In addition, we have also introduced a traffic diversion test system: Its idea is very simple, it captures traffic based on domain names and user requests, puts all captured traffic into the Copy Server to amplify it, amplifies it several times, and then sends it back to the system through the Sender. In this way, the functionality and performance impact of HTTPS can be verified through the user's real traffic.

HTTPS solution performance optimization

Before we talk about how to optimize the performance of HTTPS, let's take a look at the entire TLS handshake process, as shown below:

As shown in the figure, a handshake process is divided into eight steps in the worst case:

  1. Send a Syn packet to the Web client. After receiving and confirming it, send a SynAck to the server at the same time. This is still an HTTP request.
  2. To convert HTTP to HTTPS, a 302 or 301 redirect is required.
  3. The user sends an HTTPS request again and does a TCP handshake.
  4. Do the first phase of TLS full handshake, Client hello to Server hello.
  5. When the certificate arrives at the client for the first time, the client needs to go through the verification process and perform CA domain name resolution.
  6. Second, TLS handshake.
  7. The process of verifying the validity of an online certificate.
  8. In the second phase of TLS full handshake, the gray part at the bottom is the actual data communication.

Suning.com's full-site HTTPS solution has done a lot of work in terms of performance optimization, such as the reasonable use of HSTS, Session resume, and Ocsp stapling, as well as optimizations such as client HTTPS performance and HttpDNS to resolve DNS attack hijacking.

Reasonable use of HSTS

The purpose of the Web security protocol HSTS is to force clients (such as browsers) to use HTTPS to establish connections with servers.

The advantage is that it reduces the overhead of HTTP 302 redirects. 302 redirects not only expose the user's access site, but are also easily hijacked by middlemen (downgrade hijacking, man-in-the-middle attacks), and most importantly, they reduce access speed (affecting performance).

The disadvantage is that HSTS forces HTTPS on the client side during the max-age expiration time, which the server cannot control. Therefore, when downgrading is required, HTTPS cannot be switched to HTTP in time. Of course, you can also manually configure the maxage value dynamically, so you can achieve the downgrade effect by setting maxage to 0. In addition, HSTS is strict HTTPS. Once the network certificate is wrong, the web page will be directly inaccessible (users cannot choose to ignore it).

Reasonable use of session resume

After the first TLS handshake between the user and the client, or between the client and the server, is a TLS handshake still needed for the second data transmission? Here, session reuse can be used. Session resume is a mechanism that has long been defined in the RFC standard and was involved when HTTPS was first released.

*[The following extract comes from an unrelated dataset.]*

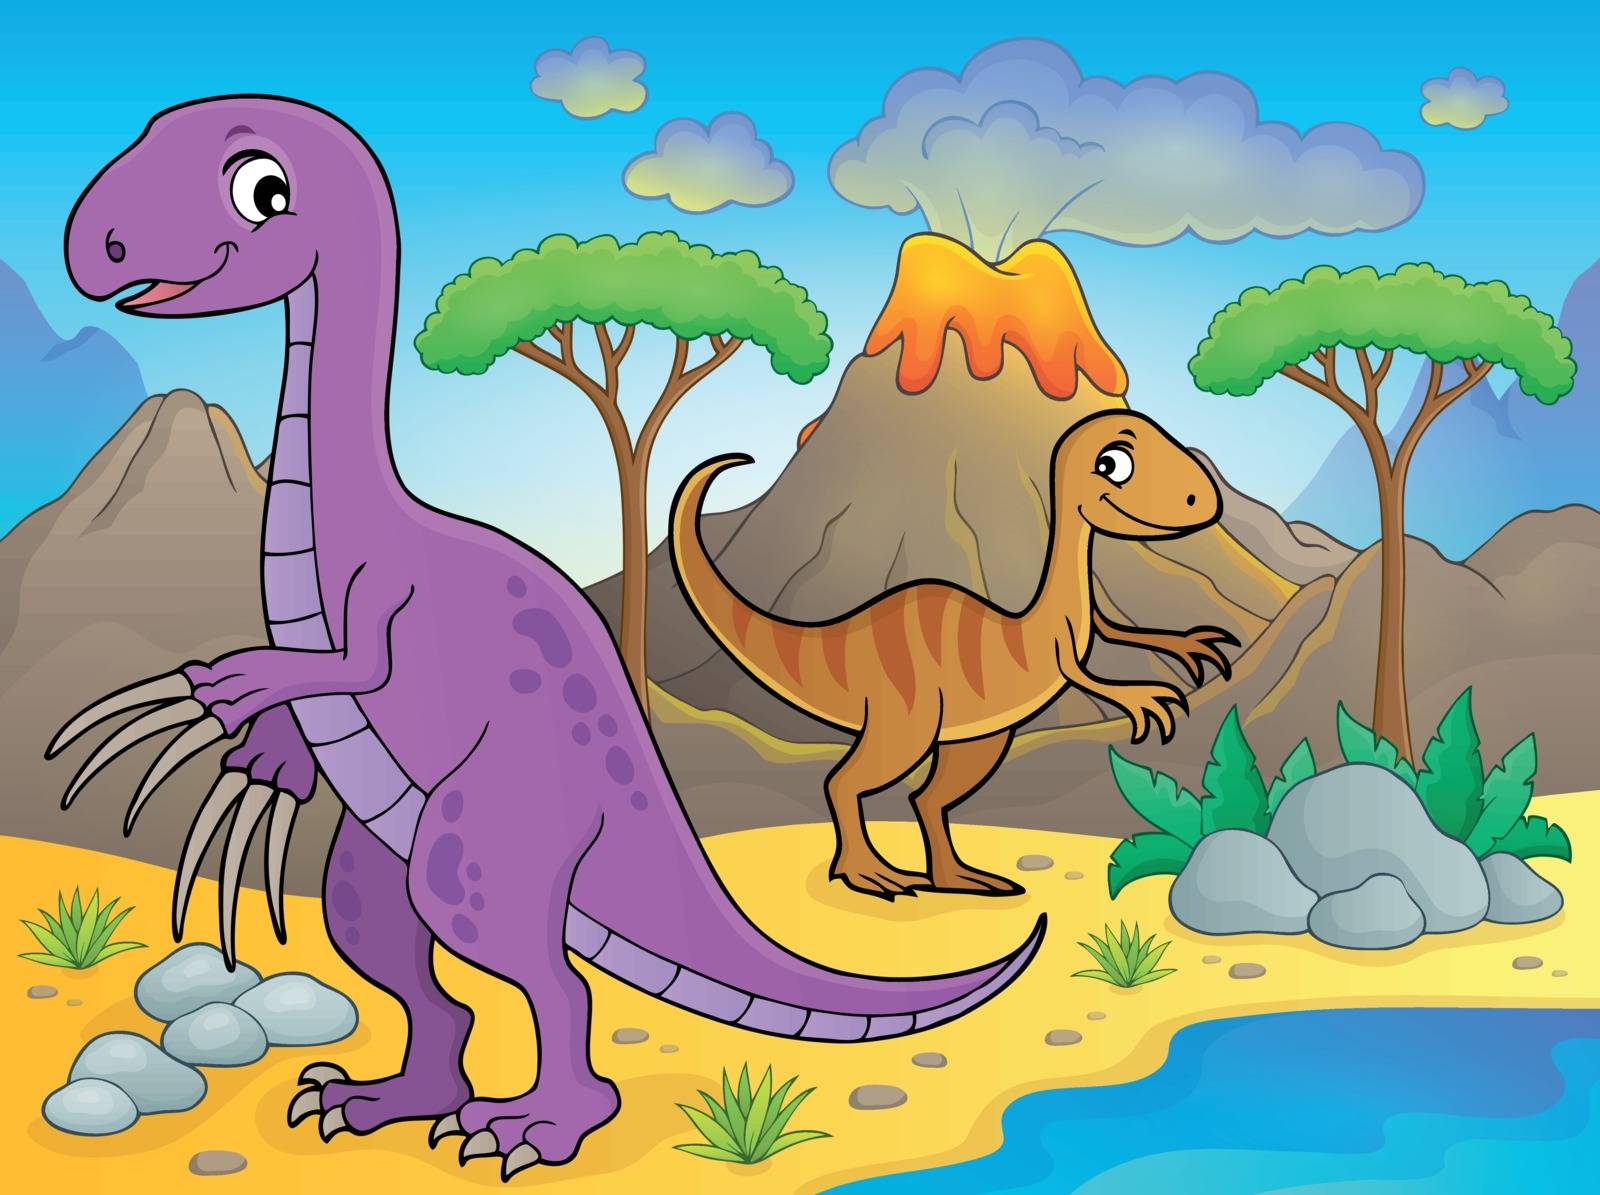 Image with dinosaur thematics 8 - eps10 vector illustration.

There are two ways to reuse sessions: Session ID and Session tickets. The following figure shows the implementation process :

Session ID. Use the session ID in the client hello to query the server's session cache. If the server has a corresponding cache, the existing session information is used to complete the handshake in advance, which is called a simplified handshake. Session ID is a standard field in the TLS protocol, and all browsers on the market support Session ID. It should be noted that sharing SSL sessions between multiple processes on a single machine is meaningless for a cluster environment. Therefore, it is necessary to implement multi-machine sharing of Session ID here. It can be placed in redis. Nginx provides a module ssl_session_fetch_by_lua_block that specifically handles Session ID.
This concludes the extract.